The baby is the only pediatric death reported in the state and is likely the youngest-ever victim of COVID-19, Lamont said Wednesday.

The child was brought to the hospital unresponsive last week and could not be revived, Gov. Lamont said.

Health officials said Thursday the case remains under investigation.


The state has received 220,000 unemployment claims in the last three weeks, 20 times the normal amount. The Department of Labor continues to process claims.

There is a backlog of at least five or six weeks to process unemployment claims, Lamont said Thursday.

"My goal is to clear that backlog over two or three weeks," the governor said.

Unemployment claims processors are working overtime, said Melissa McCaw, Secretary of the Office of Policy and Management.

"There is a SWAT time at this time if you will looking at all options for the commissioner to increase staffing there," McCaw said.

State officials are looking throughout the government for any former Department of Labor employees or others with backgrounds in unemployment claims processing.


The governor announced a new executive order Thursday that states hotels and short-term rentals will now be exclusively for essential workers, not leisure travel. That order will go into effect Friday.


Department of Public Health Commissioner Renee Coleman-Mitchell said 57 nursing homes in Connecticut now have at least one confirmed positive coronavirus case.

"My biggest concern is to address the needs of these most vulnerable residents," Coleman-Mitchell said.

As exploration continues of isolating coronavirus patients in separate facilities, Coleman-Mitchell said she is trying to prevent further spread in nursing homes.

"Our goal is to save their lives," she said.


The governor said the state is looking at a $500 million deficit in the budget due to the coronavirus outbreak, mostly because of income tax and state sales tax revenue impacts.
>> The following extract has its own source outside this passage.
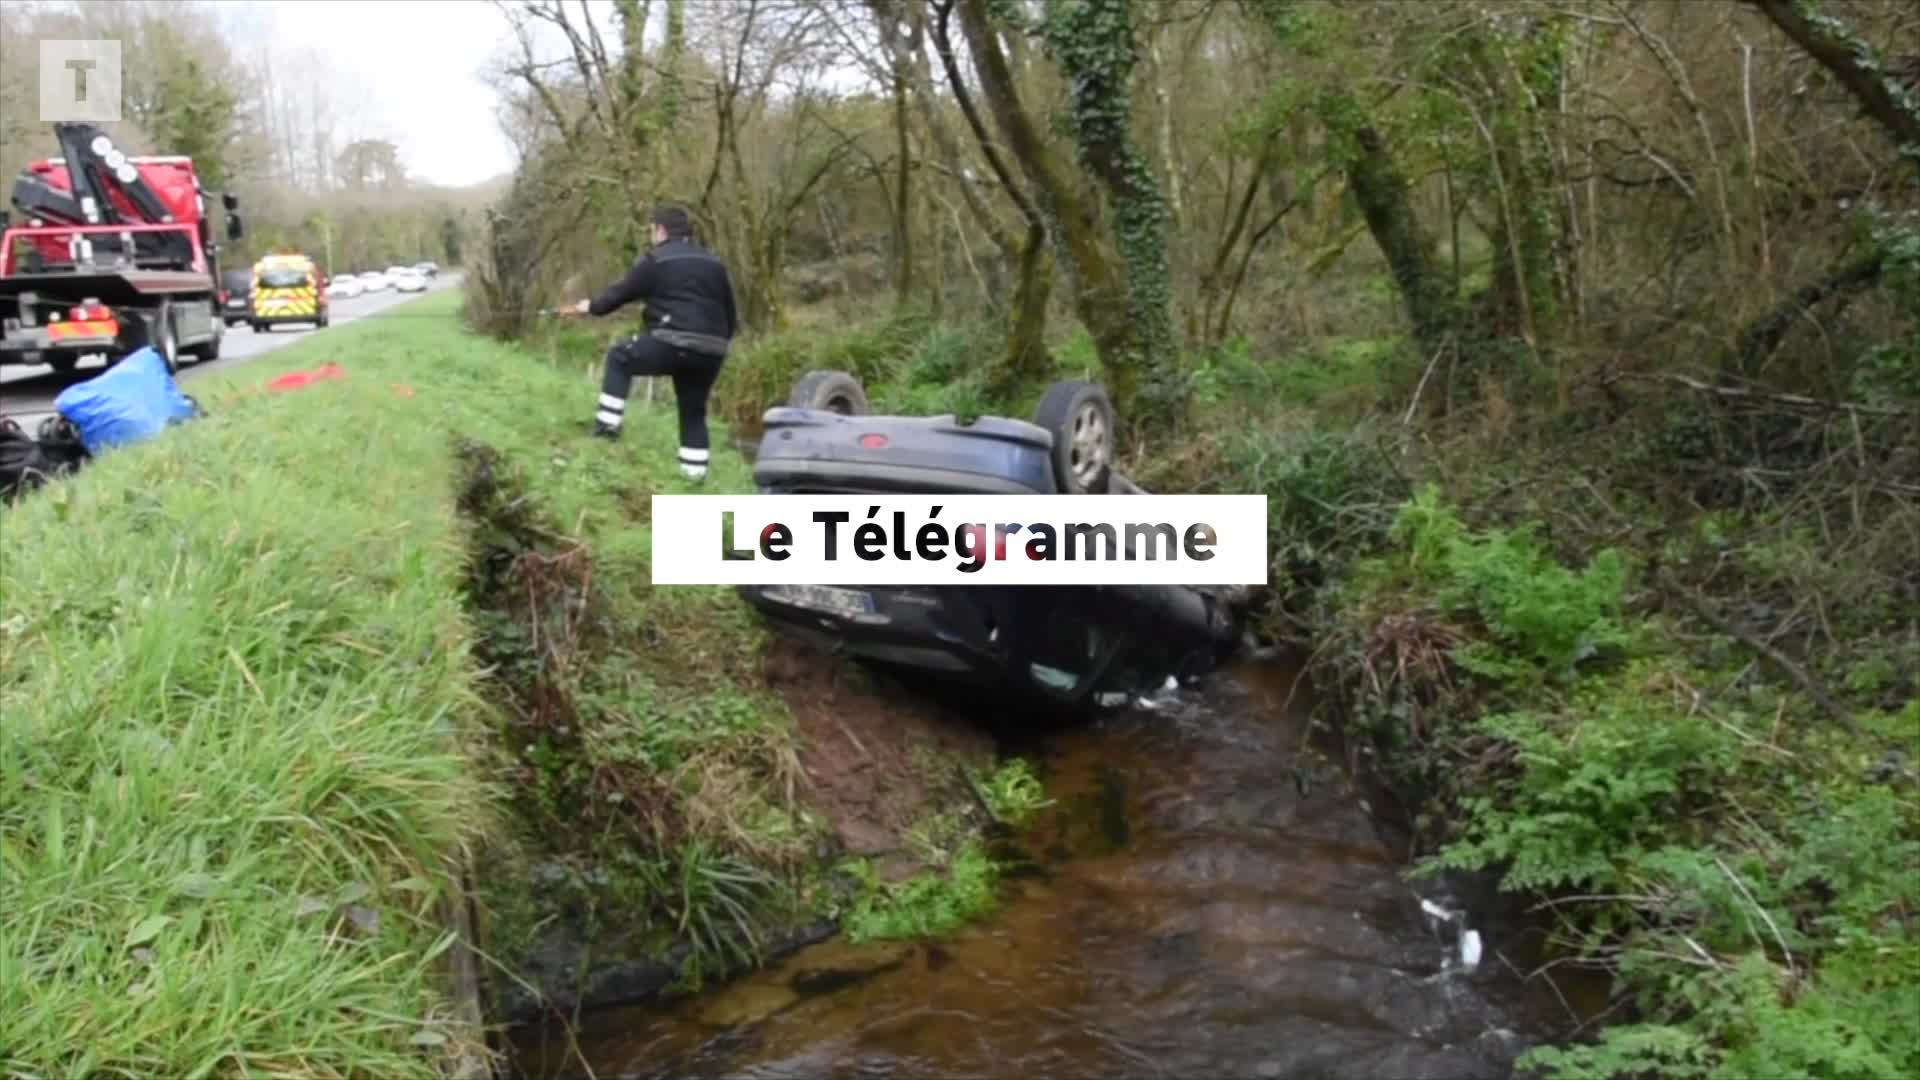 À Dirinon, une voiture dans un ruisseau mais personne à bord (Le Télégramme)

The state is set to receive $1.45 billion from the federal government to pay expenses related to the COVID-19 response.


On Wednesday, Lamont issued guidance to grocery store customers and employees.

The governor is urging residents to do what they can to keep supermarket employees healthy by staying six feet away from employees and other shoppers, to send only one family member to the store if possible, use credit cards rather than cash if you can, limit contact and, if you choose to wear gloves, properly dispose of them after you leave the store. In an executive order signed Wednesday, Lamont released specific guidance for stores, including limited occupancy to 50% of a store's capacity.
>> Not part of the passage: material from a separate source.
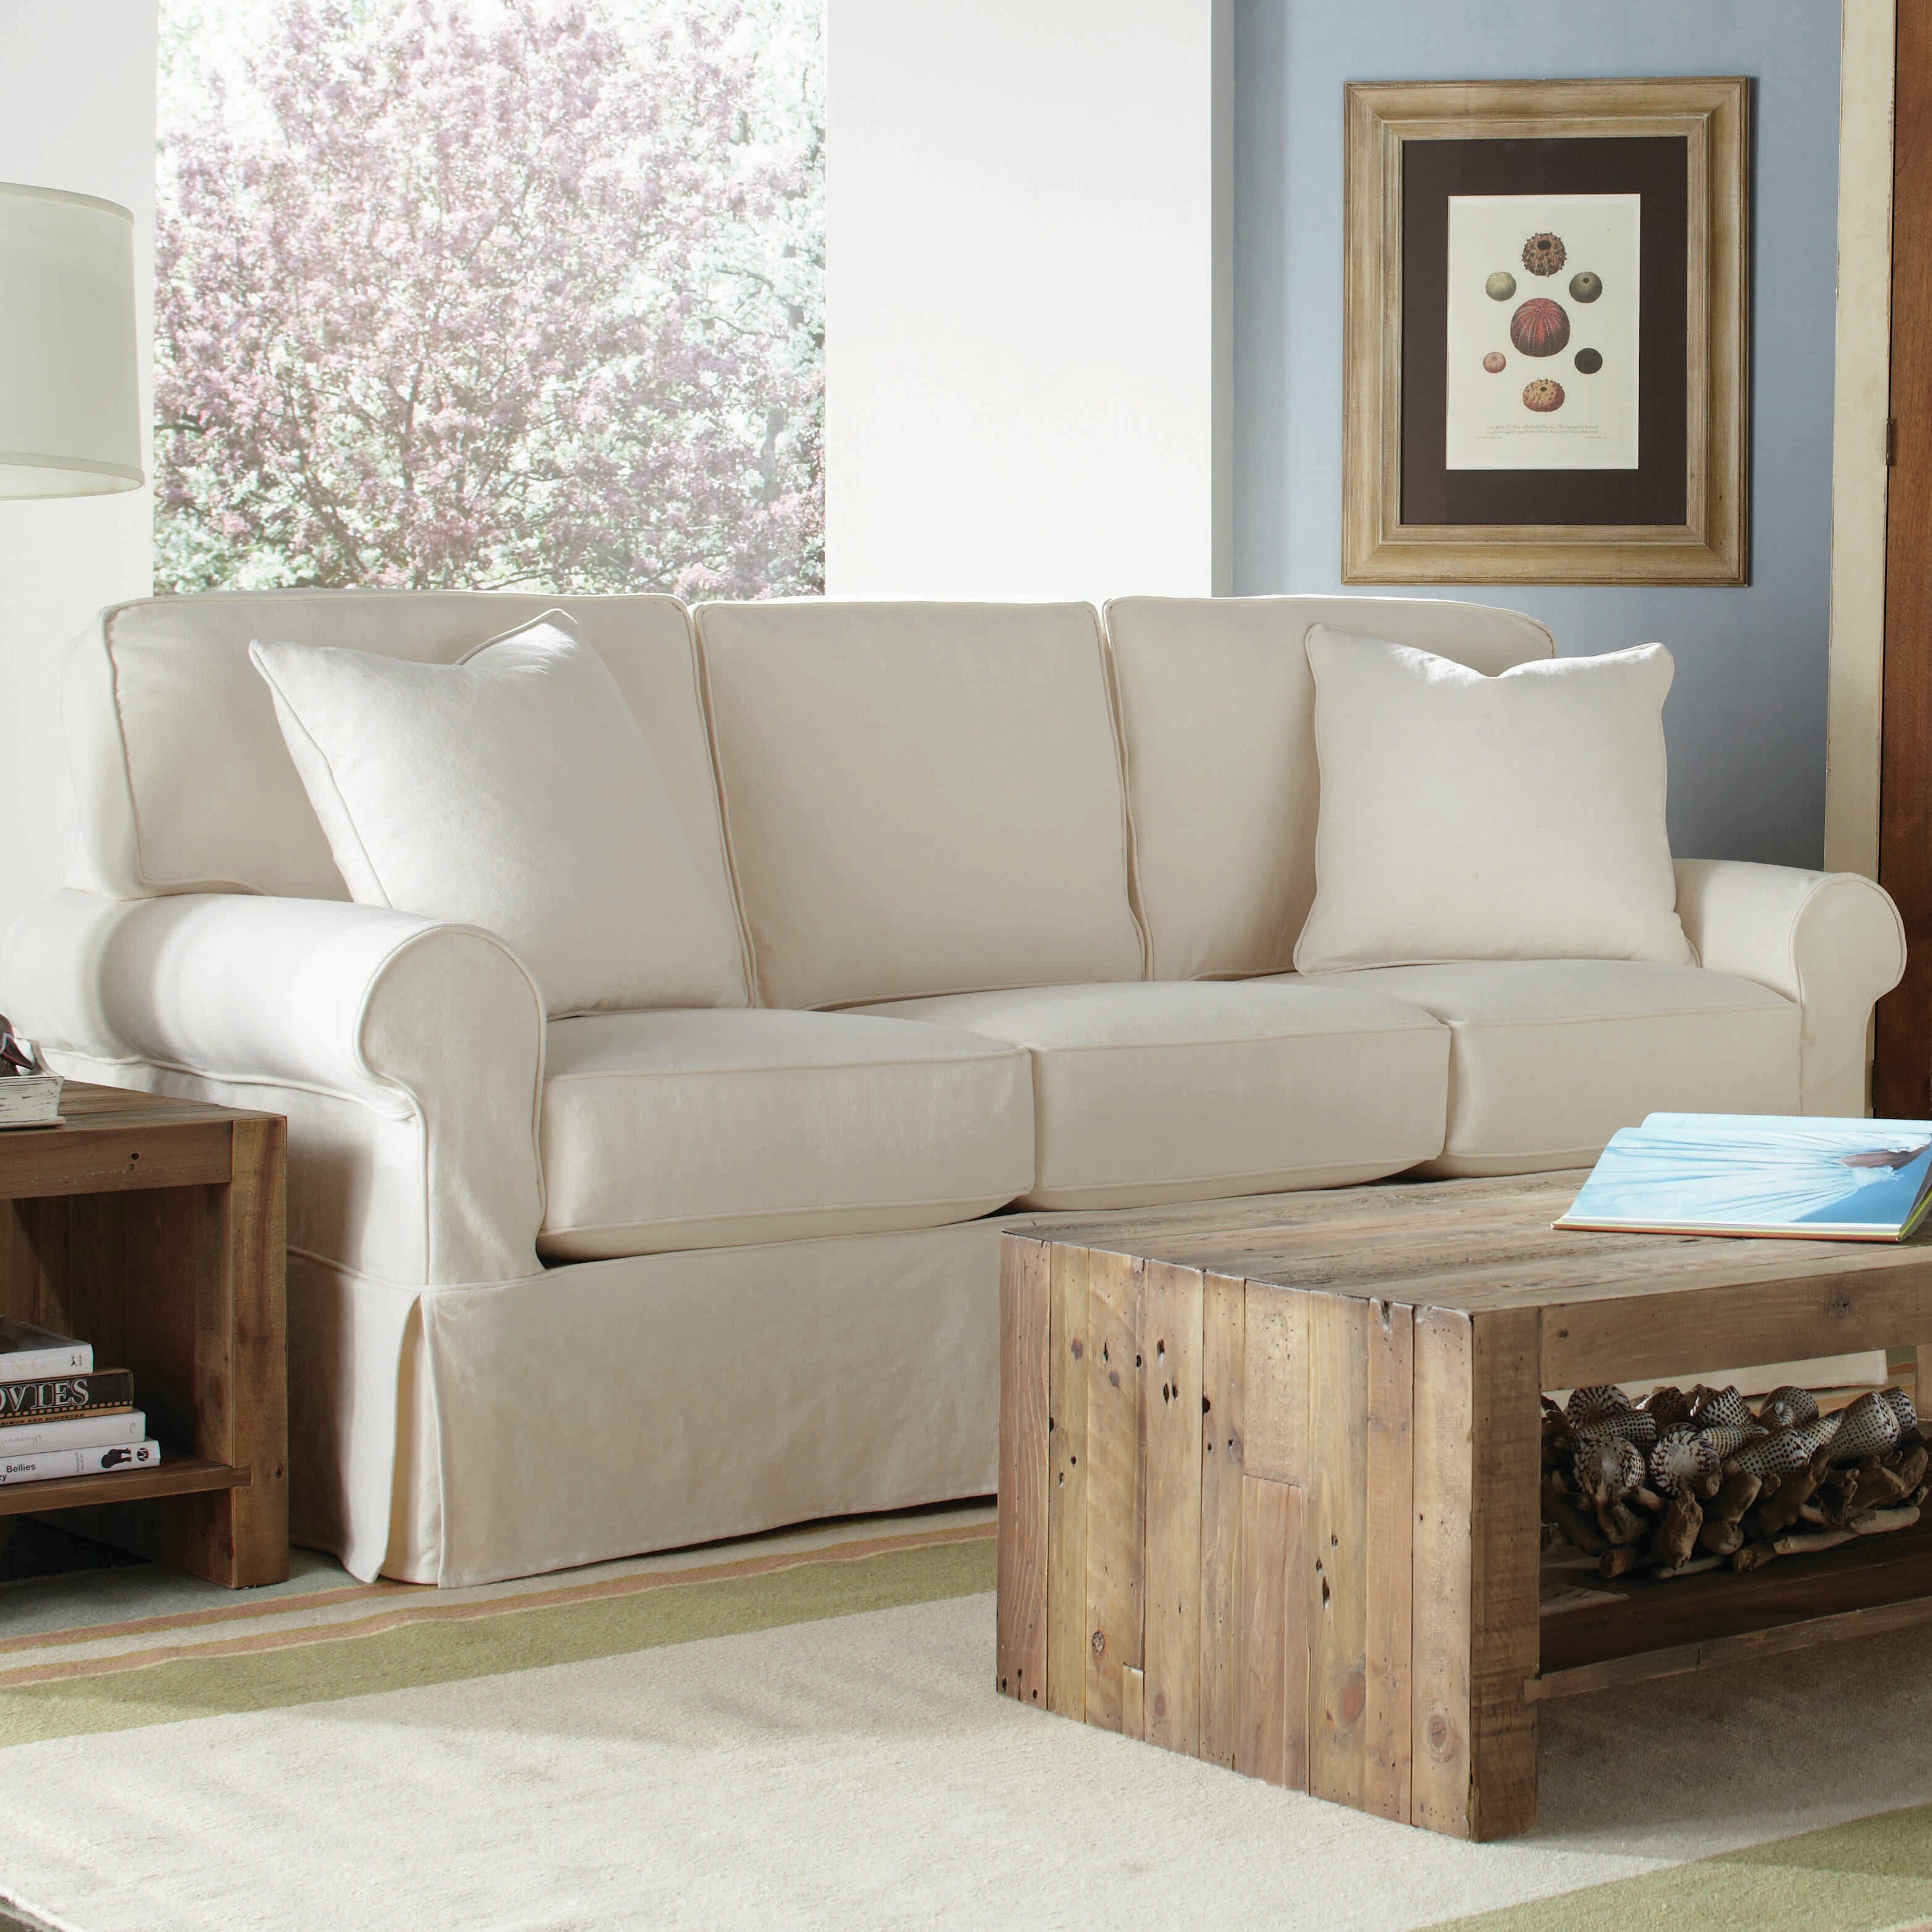 Rowe Furniture Nantucket Slipcovered Sleeper Sofa

The governor also announced Wednesday a 60-day grace period for premium payments, policy cancellations and non-renewals of insurance policies beginning Wednesday, April 1, to help those unable to pay during the crisis. This includes life, health, automotive, casualty and other types of insurance plans. The grace period is not automatic - those wishing to take advantage of it must provide information to their insurance carriers.


The governor is also requiring cities and towns to look at options to provide temporary tax forbearance for property tax collection and interest on delinquent payments under certain conditions.

Lamont issued an executive order on Tuesday that authorizes the state Department of Energy and Environmental Protection (DEEP) to prohibit walk-in visitors at state parks. DEEP also plans to limit parking capacity at some parks to help manage the number of visitors.

State parks remain open, but officials said DEEP is closely monitoring how many people are visiting the parks and when lots become full, parking thresholds may be lowered when necessary.

Lamont said Connecticut has the fourth most COVID-19 infections per capita in the U.S., behind New York, New Jersey, and Louisiana.